Your task is to write out exactly the lines of the listing below, from the first down to the line that holds "Orange County Choppers Bikes".
==============================
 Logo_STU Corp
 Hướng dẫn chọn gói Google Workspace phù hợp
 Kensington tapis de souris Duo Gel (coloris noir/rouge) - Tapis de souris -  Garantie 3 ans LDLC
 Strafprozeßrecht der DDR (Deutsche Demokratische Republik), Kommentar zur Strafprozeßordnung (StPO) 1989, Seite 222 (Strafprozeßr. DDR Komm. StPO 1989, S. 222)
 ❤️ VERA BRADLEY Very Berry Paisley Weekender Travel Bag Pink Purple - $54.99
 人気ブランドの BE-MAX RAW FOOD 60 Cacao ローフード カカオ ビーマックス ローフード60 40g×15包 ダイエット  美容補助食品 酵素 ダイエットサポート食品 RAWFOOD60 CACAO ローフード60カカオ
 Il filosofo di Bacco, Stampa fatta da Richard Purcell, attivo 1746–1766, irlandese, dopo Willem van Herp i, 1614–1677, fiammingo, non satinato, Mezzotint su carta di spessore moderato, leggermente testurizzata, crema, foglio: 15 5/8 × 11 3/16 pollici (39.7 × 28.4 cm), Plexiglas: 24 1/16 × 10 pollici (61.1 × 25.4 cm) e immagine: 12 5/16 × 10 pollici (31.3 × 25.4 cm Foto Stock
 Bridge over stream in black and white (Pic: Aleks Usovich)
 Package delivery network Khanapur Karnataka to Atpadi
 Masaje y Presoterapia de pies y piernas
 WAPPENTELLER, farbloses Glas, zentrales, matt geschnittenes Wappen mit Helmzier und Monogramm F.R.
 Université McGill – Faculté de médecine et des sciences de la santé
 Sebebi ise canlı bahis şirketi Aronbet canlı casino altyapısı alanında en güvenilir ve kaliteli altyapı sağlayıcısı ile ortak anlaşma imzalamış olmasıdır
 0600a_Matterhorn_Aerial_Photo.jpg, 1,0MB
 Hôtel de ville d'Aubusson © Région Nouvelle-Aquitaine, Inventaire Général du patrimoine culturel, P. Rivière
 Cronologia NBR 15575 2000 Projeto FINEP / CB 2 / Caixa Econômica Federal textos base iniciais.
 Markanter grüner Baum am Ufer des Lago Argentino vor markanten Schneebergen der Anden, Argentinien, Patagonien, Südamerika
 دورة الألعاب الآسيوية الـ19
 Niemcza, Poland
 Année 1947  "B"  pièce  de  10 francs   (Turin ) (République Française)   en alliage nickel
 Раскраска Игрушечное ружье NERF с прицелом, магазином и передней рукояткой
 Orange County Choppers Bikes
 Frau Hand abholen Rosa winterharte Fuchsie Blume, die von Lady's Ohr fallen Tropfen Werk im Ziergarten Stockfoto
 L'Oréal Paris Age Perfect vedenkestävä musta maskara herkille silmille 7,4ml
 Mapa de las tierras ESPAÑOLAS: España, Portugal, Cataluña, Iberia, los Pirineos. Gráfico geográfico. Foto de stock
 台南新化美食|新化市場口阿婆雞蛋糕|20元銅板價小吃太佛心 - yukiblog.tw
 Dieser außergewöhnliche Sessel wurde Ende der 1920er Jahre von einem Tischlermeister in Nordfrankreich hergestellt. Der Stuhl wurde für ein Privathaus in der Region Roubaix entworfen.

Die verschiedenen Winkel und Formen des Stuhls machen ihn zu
==============================
## Output for this exercise:
 Logo_STU Corp
 Hướng dẫn chọn gói Google Workspace phù hợp
 Kensington tapis de souris Duo Gel (coloris noir/rouge) - Tapis de souris -  Garantie 3 ans LDLC
 Strafprozeßrecht der DDR (Deutsche Demokratische Republik), Kommentar zur Strafprozeßordnung (StPO) 1989, Seite 222 (Strafprozeßr. DDR Komm. StPO 1989, S. 222)
 ❤️ VERA BRADLEY Very Berry Paisley Weekender Travel Bag Pink Purple - $54.99
 人気ブランドの BE-MAX RAW FOOD 60 Cacao ローフード カカオ ビーマックス ローフード60 40g×15包 ダイエット  美容補助食品 酵素 ダイエットサポート食品 RAWFOOD60 CACAO ローフード60カカオ
 Il filosofo di Bacco, Stampa fatta da Richard Purcell, attivo 1746–1766, irlandese, dopo Willem van Herp i, 1614–1677, fiammingo, non satinato, Mezzotint su carta di spessore moderato, leggermente testurizzata, crema, foglio: 15 5/8 × 11 3/16 pollici (39.7 × 28.4 cm), Plexiglas: 24 1/16 × 10 pollici (61.1 × 25.4 cm) e immagine: 12 5/16 × 10 pollici (31.3 × 25.4 cm Foto Stock
 Bridge over stream in black and white (Pic: Aleks Usovich)
 Package delivery network Khanapur Karnataka to Atpadi
 Masaje y Presoterapia de pies y piernas
 WAPPENTELLER, farbloses Glas, zentrales, matt geschnittenes Wappen mit Helmzier und Monogramm F.R.
 Université McGill – Faculté de médecine et des sciences de la santé
 Sebebi ise canlı bahis şirketi Aronbet canlı casino altyapısı alanında en güvenilir ve kaliteli altyapı sağlayıcısı ile ortak anlaşma imzalamış olmasıdır
 0600a_Matterhorn_Aerial_Photo.jpg, 1,0MB
 Hôtel de ville d'Aubusson © Région Nouvelle-Aquitaine, Inventaire Général du patrimoine culturel, P. Rivière
 Cronologia NBR 15575 2000 Projeto FINEP / CB 2 / Caixa Econômica Federal textos base iniciais.
 Markanter grüner Baum am Ufer des Lago Argentino vor markanten Schneebergen der Anden, Argentinien, Patagonien, Südamerika
 دورة الألعاب الآسيوية الـ19
 Niemcza, Poland
 Année 1947  "B"  pièce  de  10 francs   (Turin ) (République Française)   en alliage nickel
 Раскраска Игрушечное ружье NERF с прицелом, магазином и передней рукояткой
 Orange County Choppers Bikes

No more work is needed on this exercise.